Летом 1529 года была предпринята еще одна попытка созвать папский трибунал, на который вызвали Екатерину. Вначале она упала к ногам Генриха, умоляя вернуть ей свою милость. Затем, увидев, что он непреклонен, она поднялась и объявила, что отказывается принимать пристрастное решение трибунала, созванного в Англии по желанию Генриха. «Я буду жаловаться папе», — заявила она и покинула зал. Это был настоящий вызов, открытое неповиновение.
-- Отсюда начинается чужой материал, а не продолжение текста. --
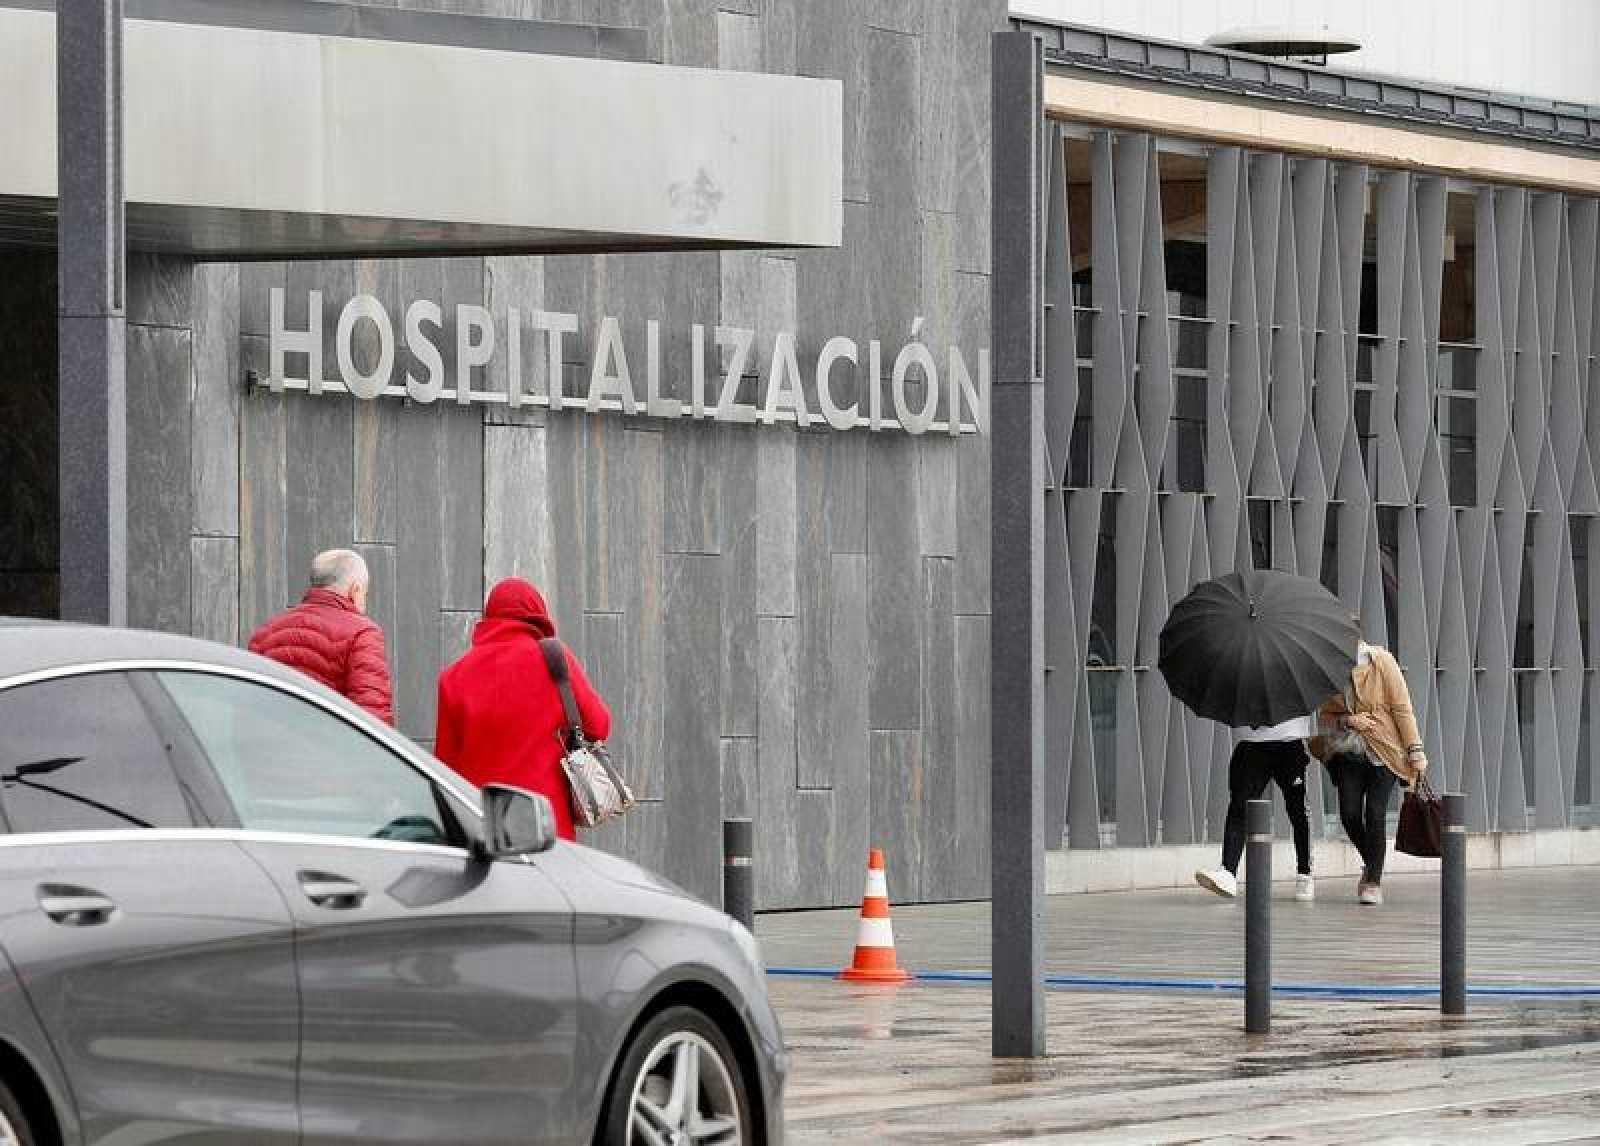 Imagen de un hospital en España.

Екатерина решила опротестовать решение папского трибунала по разводу, для чего попросила прислать из Фландрии двух судей, чтобы они поддержали ее протест. Но судьи не прибыли. Император написал, что по такому делу ни один английский суд решение выносить не может, поэтому он не будет посылать туда своих законоведов. Посол императора Мендоса это решение не одобрил. Он писал, что англичане Екатерину поддерживают, что «они любят свою королеву и в этом деле полностью на ее стороне». Мендоса боялся, что они могут потерять мужество и счесть положение безнадежным, увидев, что ее покинули родственники на континенте. Его опасения были напрасны. Когда Екатерина выезжала из своей резиденции, у вврот ее встретила огромная толпа. Раздавались выкрики одобрения и поддержки. Очевидец заметил, что большинство в этой толпе составляли женщины. А французский посол в своем донесении написал, что если бы все решали женщины, то Генрих бы это дело определенно проиграл.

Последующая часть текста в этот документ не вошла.